**The problem**
Skip all pictures. Set down only the lines starting at the line containing "Brilliant LED Außen-Wandleuchte" and running to the end of the listing.

**Material provided**
▬▬▬▬▬▬
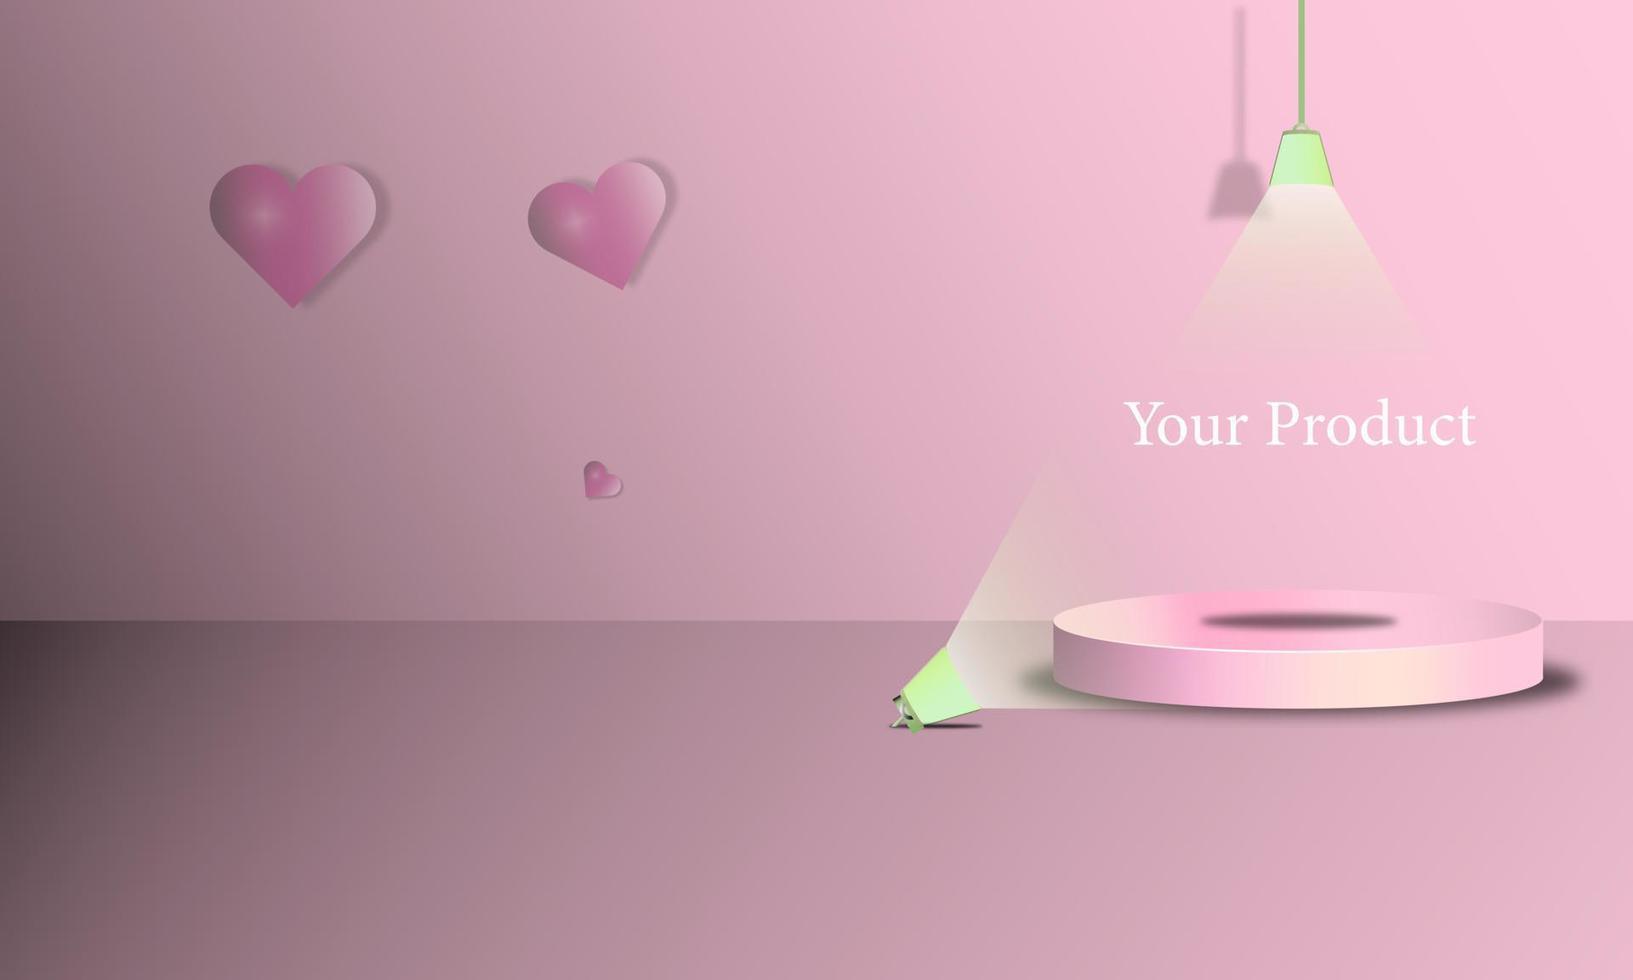 rosa 3d podiumbakgrund för poto produkter butik illustrasi produktkatalog, vektordesign eps 10 vektor
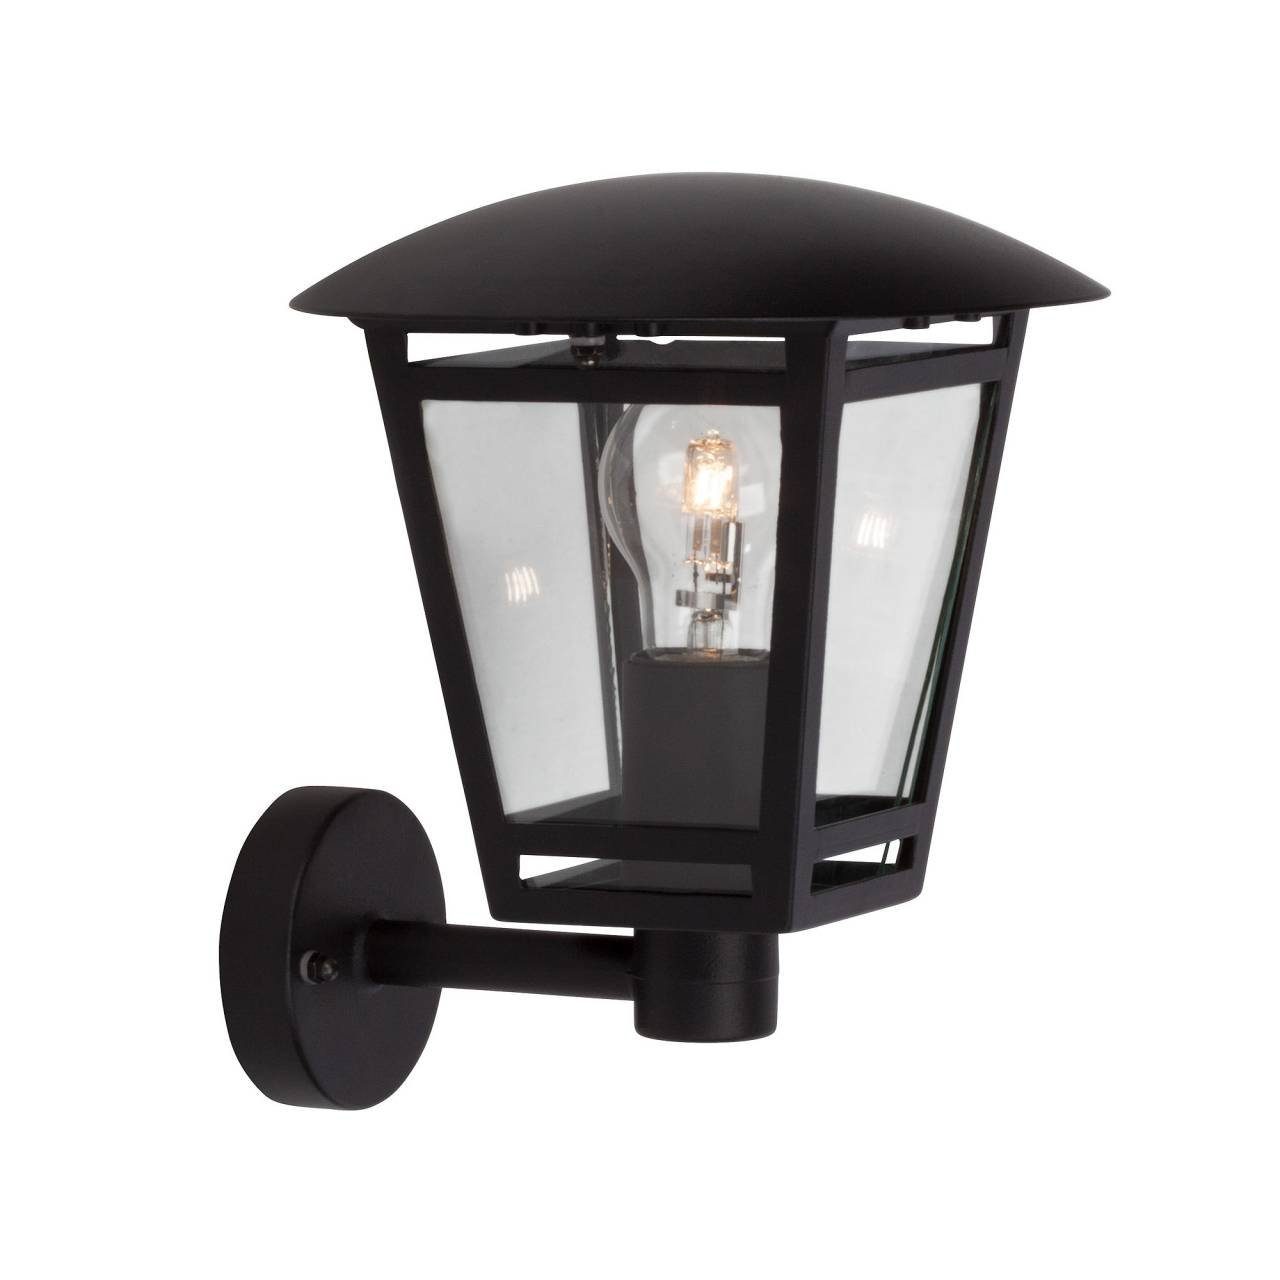 Brilliant LED Außen-Wandleuchte stehend E27, Lampe 40W, A60, Außenwandleuchte 1x Riley Riley, schwarz geeig
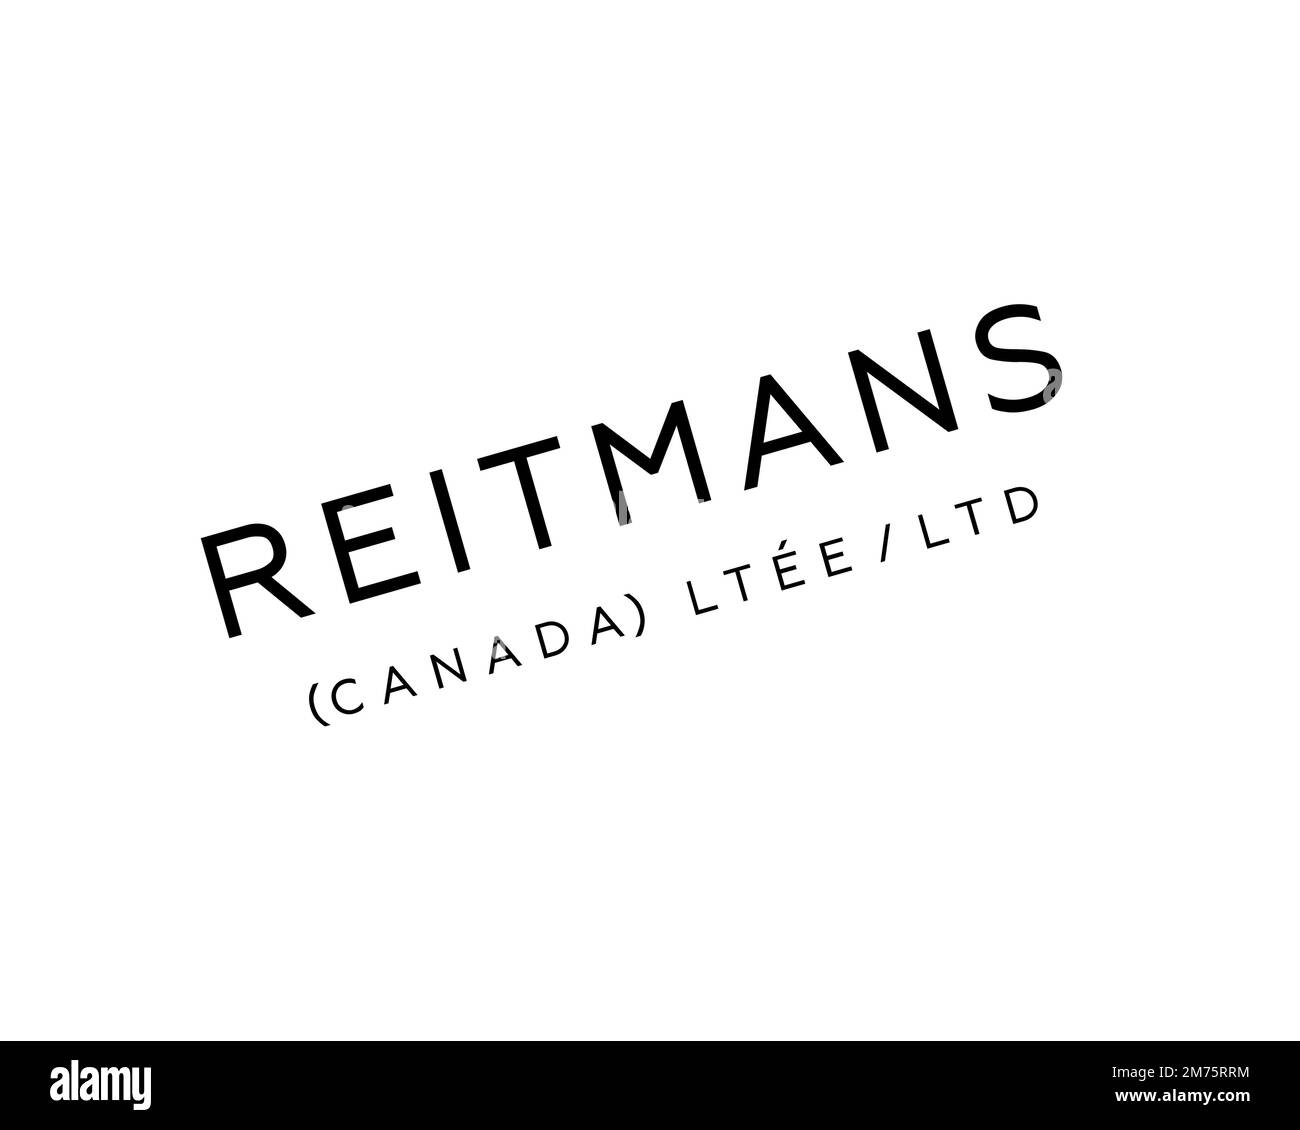 Reitmans reitmans Black and White Stock Photos & Images - Alamy
▬▬▬▬▬▬
**Exercise solution**
 Brilliant LED Außen-Wandleuchte stehend E27, Lampe 40W, A60, Außenwandleuchte 1x Riley Riley, schwarz geeig
 Reitmans reitmans Black and White Stock Photos & Images - Alamy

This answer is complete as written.